The Pacific island region has long been a focus of China’s foreign policy. Chinese President Xi Jinping has particularly prioritized the region as of late, emphasizing that it was a mutually beneficial partnership.
“China believes that any cooperation initiative with Pacific island countries should conform to the trend of the times for peaceful development and win-win cooperation and respect the independence and sovereignty of Pacific island countries,” Liu said, “instead of serving the geopolitical needs of some major countries to maintain regional hegemony.”
A fact sheet released by the Chinese Foreign Ministry in May stated that Beijing and Pacific islands “have continued to expand exchanges and cooperation in more than 20 areas, including trade, investment, ocean affairs, environmental protection, disaster prevention and mitigation, poverty alleviation, health care, education, tourism, culture, sports and at the sub-national level.”
The release came as Chinese Foreign Minister Wang Yi launched a 10-day tour of the region, visiting eight countries — the Solomon Islands, Kiribati, Samoa, Fiji, Tonga, Vanuatu, Papua New Guinea and Timor Leste.
The trip came on the heels of an unprecedented security pact signed in April between China and the Solomon Islands. The deal raised concerns for Washington, which has tried to dissuade countries from fostering closer ties to Beijing as the two leading powers continue to vie for influence across the globe.
In July, Vice President Kamala Harris spoke virtually at the Pacific Islands Forum hosted in Fiji, vowing greater engagement with the region that she acknowledged had not received sufficient U.S. foreign policy attention in the past.
And the Biden administration has been trying to coax the region into a multilateral agreement of its own, but Solomons Prime Minister Manasseh Sogavare has been particularly opposed to entering into any such arrangements.
Speaking at the first-ever in-person summit between the U.S. and Pacific island nations in Washington, however, Secretary of State Antony Blinken said Wednesday that the parties had come “together around a declaration of partnership between the U.S. and the Pacific.” This included a “shared vision for the future and a determination to build that future together.”
That same day, Biden made reference to the U.S.-China competition and the recent diplomatic focus on the Pacific islands during an address to Democratic Governors Association.
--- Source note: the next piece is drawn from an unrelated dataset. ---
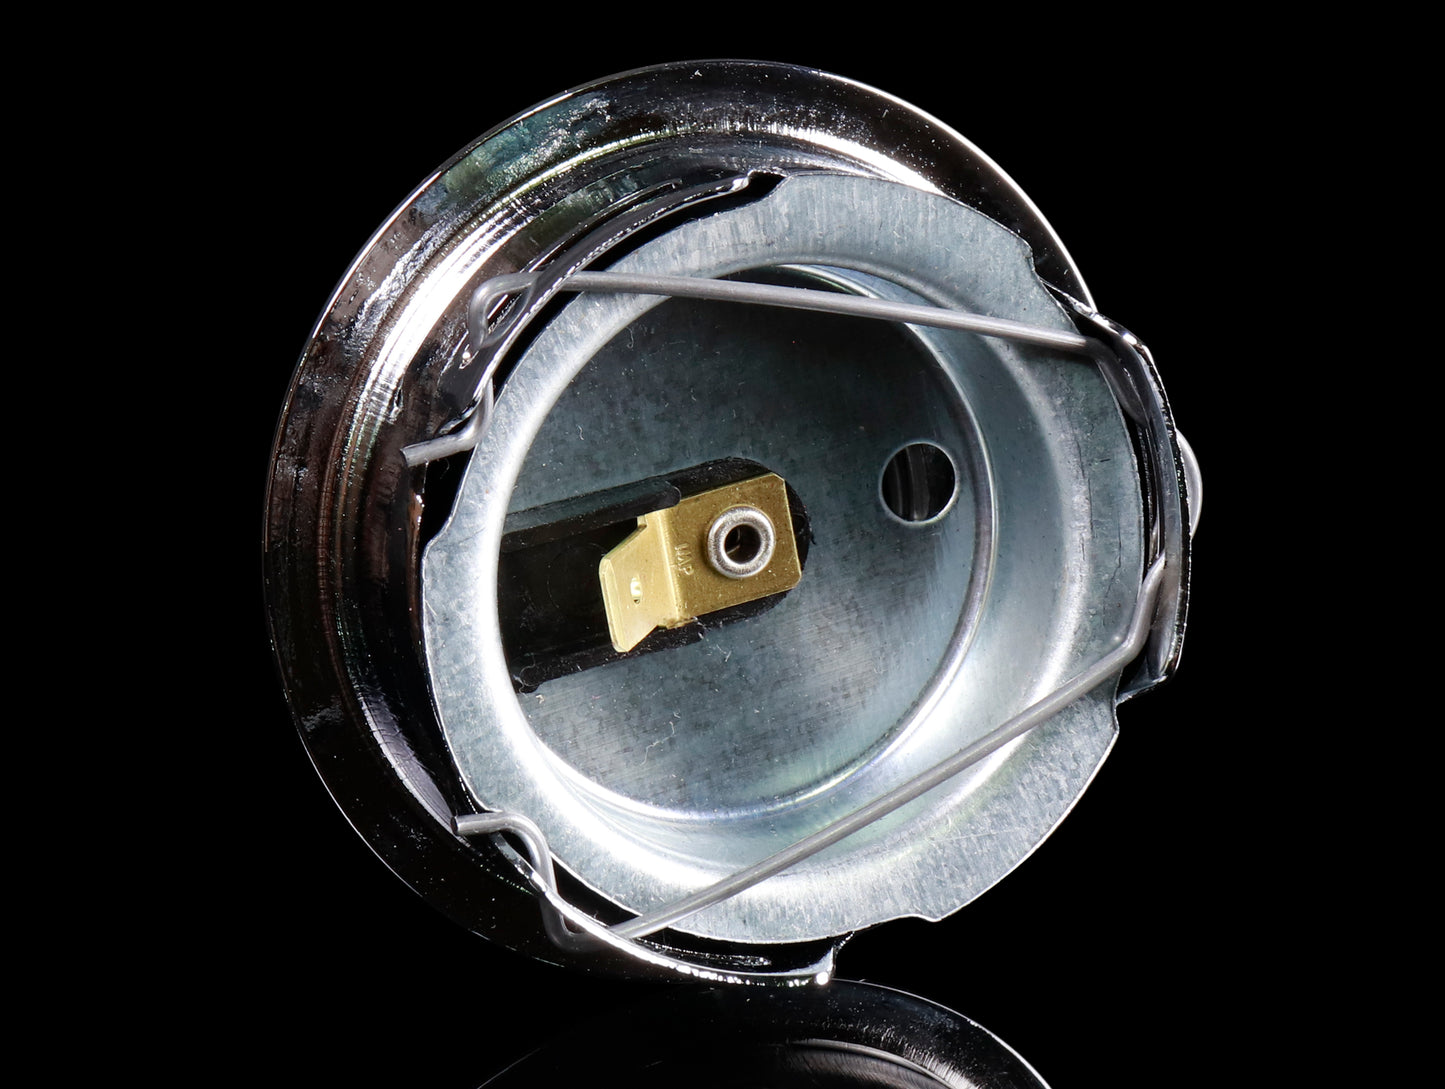 Nardi Classic Horn Button - Single Contact

And he spoke directly to his meetings with Chinese President Xi Jinping, with whom he said he had met for “over 78 hours, 68 of which are in person, over the last 10 years.”
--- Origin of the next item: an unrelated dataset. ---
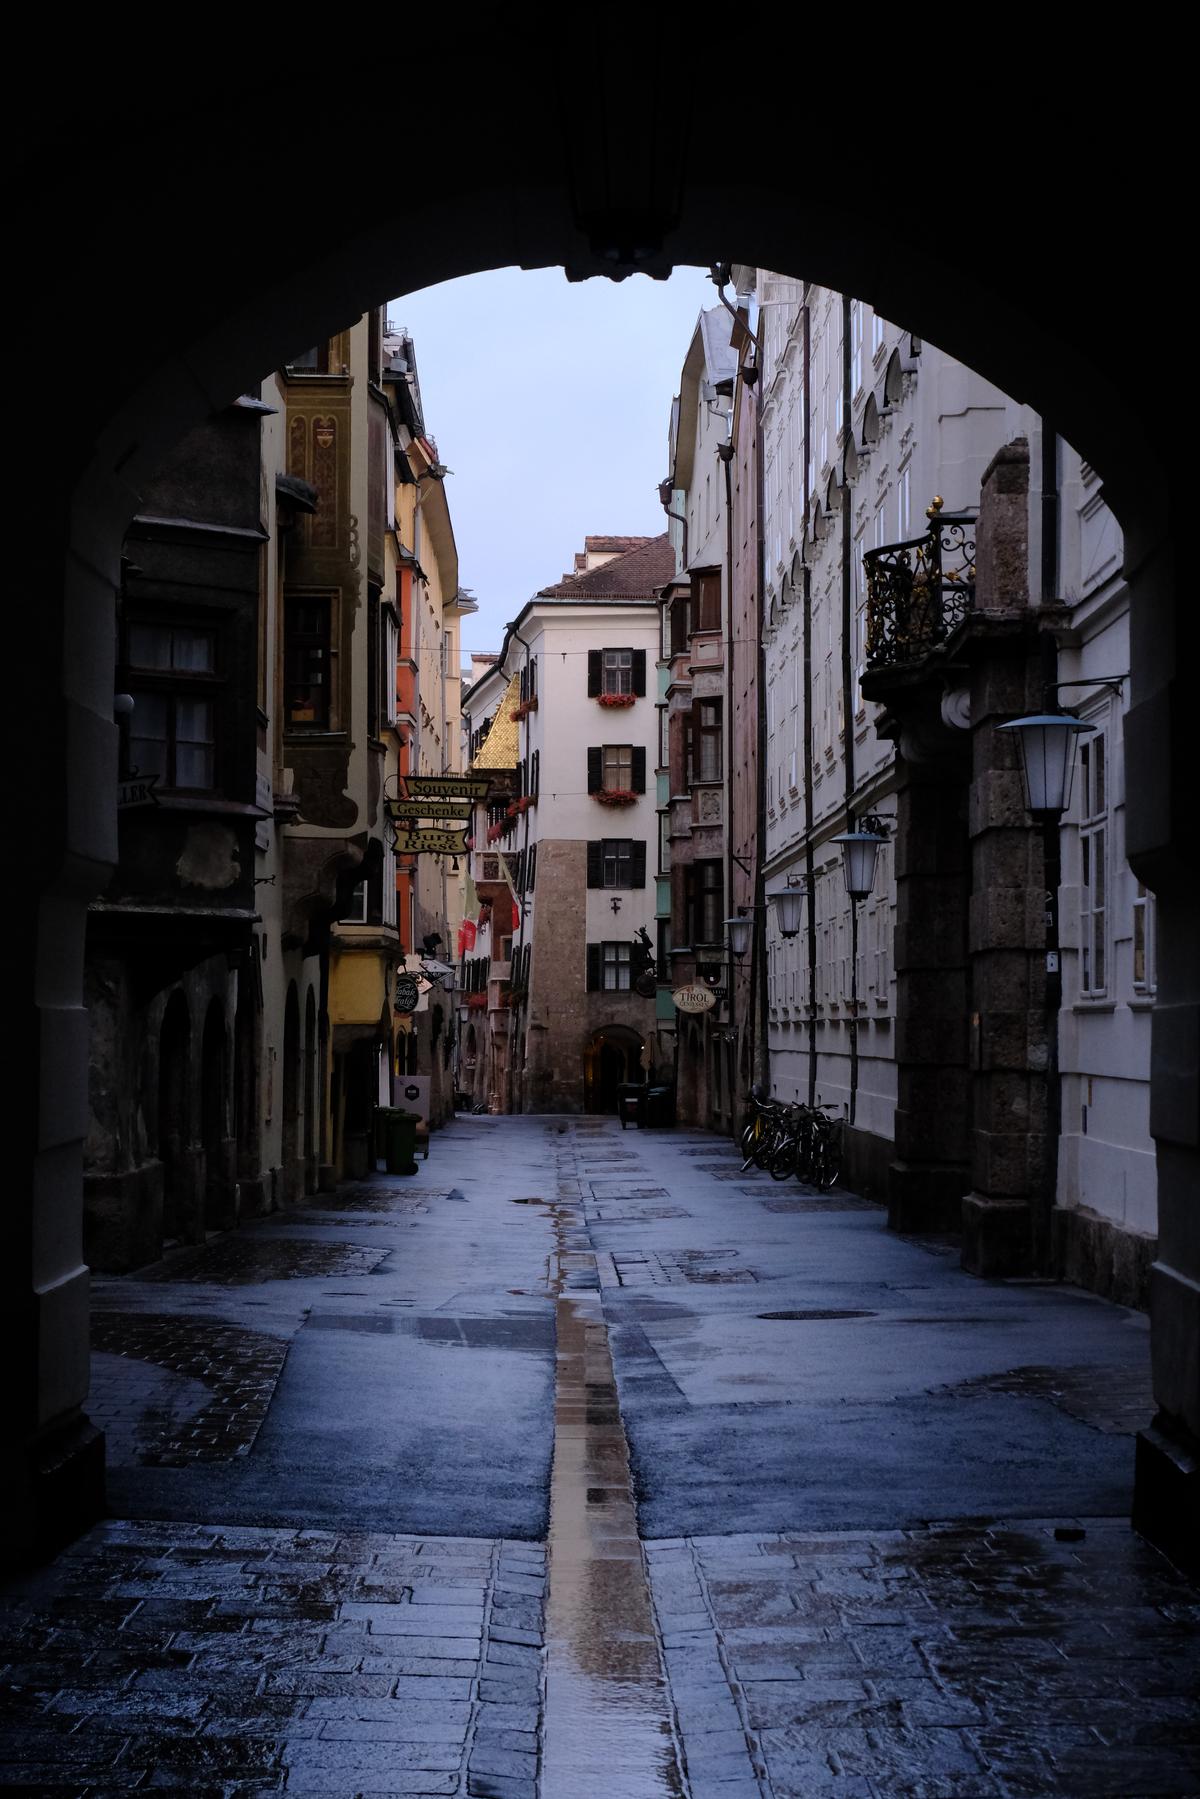 Looking down a street, through a tunnel after rain in Innsbruck, Austria

“I was asked what my objective was when I was with Xi Jinping, and I said to reestablish America’s relationships on democracies,” Biden said. “And he was very upset about that, and he thought it was all about China. It’s not about China. It’s about world peace. It’s about security.”
“So I spent an awful lot of time, and I’ll be doing it tomorrow with the ASEAN countries, the Pacific Islanders,” he added, “making sure that we’re dealing in the Middle East, as well as in Africa and South America, et cetera.”
Biden was expected to address the visiting leaders on Thursday afternoon in order “to demonstrate the United States’ deep and enduring partnership with Pacific Island countries.”
A fact sheet released by the White House on Thursday detailed more specific measures being offered to Pacific island states, including $810 million in expanded programs, diplomatic recognition of the Cook Islands and Niue—two self-governing islands in free association with New Zealand—as sovereign states and a new array of envoys to the region.
This is a developing news story. More information will be added as it becomes available.